Another busy week, sorry, and the day started with a brusque e-mail from some clown at a metro newspaper who wanted more information about a press release I sent for a client. You have to be nice to these people, but it does recall a Peanuts cartoon I remember from decades ago—Snoopy wants to come in out of the rain, and Charlie Brown tells him he's sorry but his mother doesn't want the smell of wet dog in the house. The door closes. And Snoopy sits there, thinking, "My mind reels with sarcastic replies." I have a steady job now and I'm not crazy about public relations in the first place—to my mind, it's a well-heeled species of begging—and I'm busy myself, Newspaper Boy, and I'm not in the mood for brusqueness with my morning coffee. And my own mind reels with at least two sarcastic observations that would make this guy vomit with rage. But no, I have to be a grownup and be reasonable and professional and bite my tongue. So do you in the course of your own day, I'm sure. Bummer, innit?

8/20/07
Transnationally Needy

See, it was just one of those things. There she was, and there I was, and you know who it was—we both had needs, and it just happened. My need was to buy a car, and hers was to sell one, and in the end I drove away and I thought that would be the end of it.

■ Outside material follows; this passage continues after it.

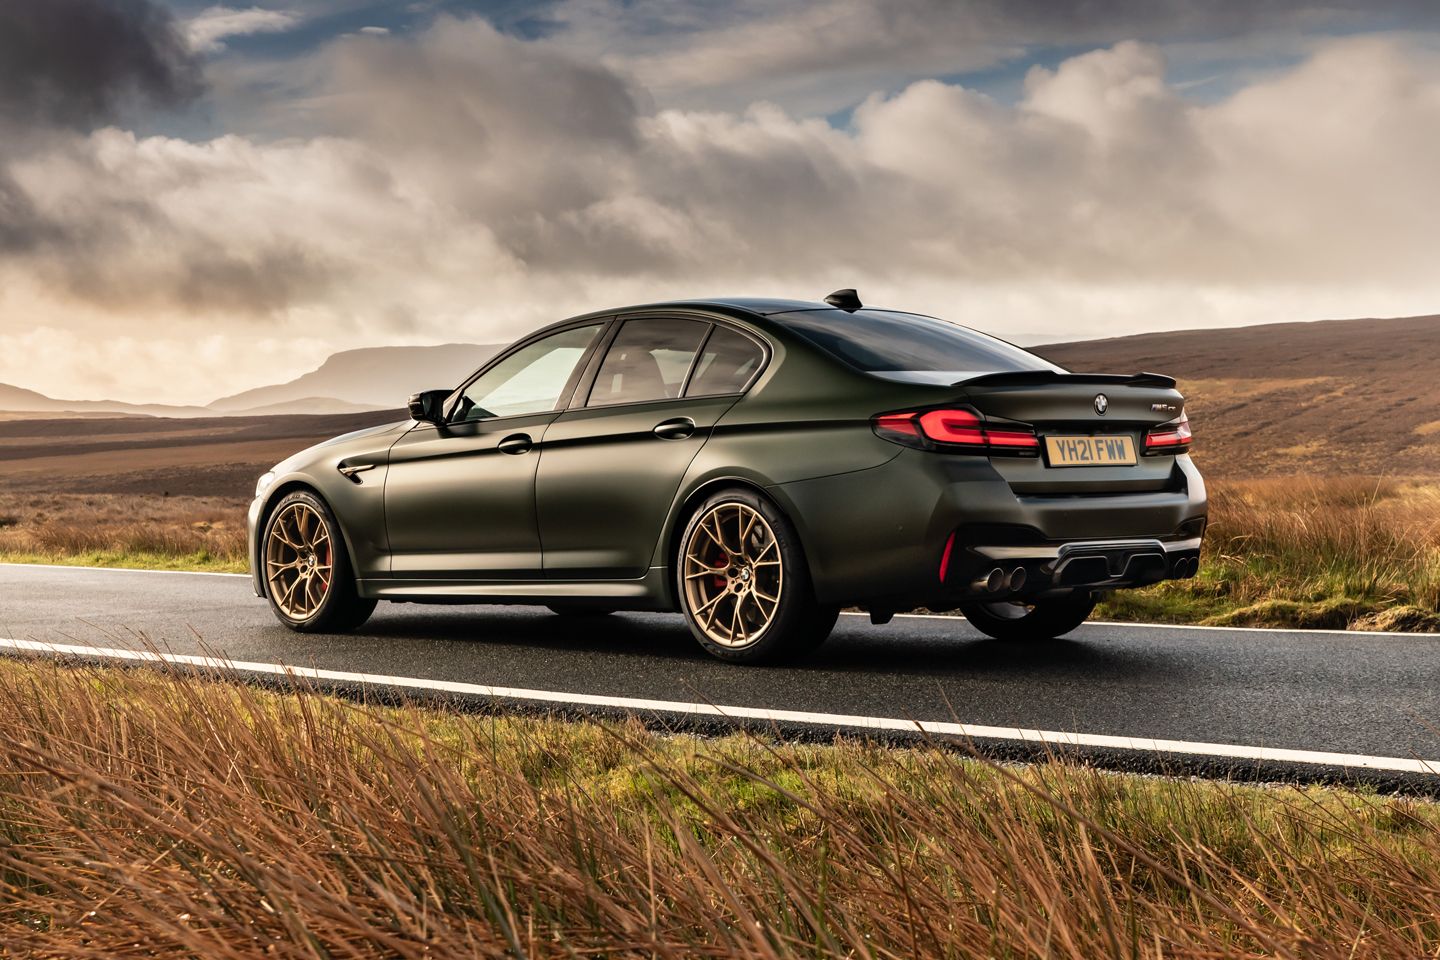 Meet The New BMW M5 Special Edition: The Fastest M Model Yet

Then the phone calls started. "Hi Matt!" "Uh, hi. Who's this?" "It's Lise! From Toyotaworld! Just wondering if everything's OK with the car!" The calls kept coming. Like I might want to get together every week or so and buy a car from her. It wasn't just her, either, it was the whole staff there at Toyotaworld. Buy a used car from these people, and it's love forever. They write to me too. Often. Just yesterday I got a postcard, and they've got a way now to print my name all over the thing, not just in the body copy but in the graphics and the front and just everywhere. It fits in nicely, typographically, but I'll emphasize it just to help:

Matthew, there's a Camry on our lot just for you! (That's on the sign in the picture.) Matthew, are you ready to move forward? (Now the back.) Matthew—check out this month's lease offer on the Camry. Matthew, Toyota Camry is the best-selling car in America. Check out the new incentives that go along with it. August is a great time to buy, so come in today, Matthew.

So maybe I'll try the same tactic: Toyota, you make good cars but I already have a Toyota, Toyota, and it runs fine so I won't buy another car until that condition no longer pertains, Toyota, but thanks for thinking of me, Toyota, and the next time I need a car, Toyota, it'll probably be a Toyota.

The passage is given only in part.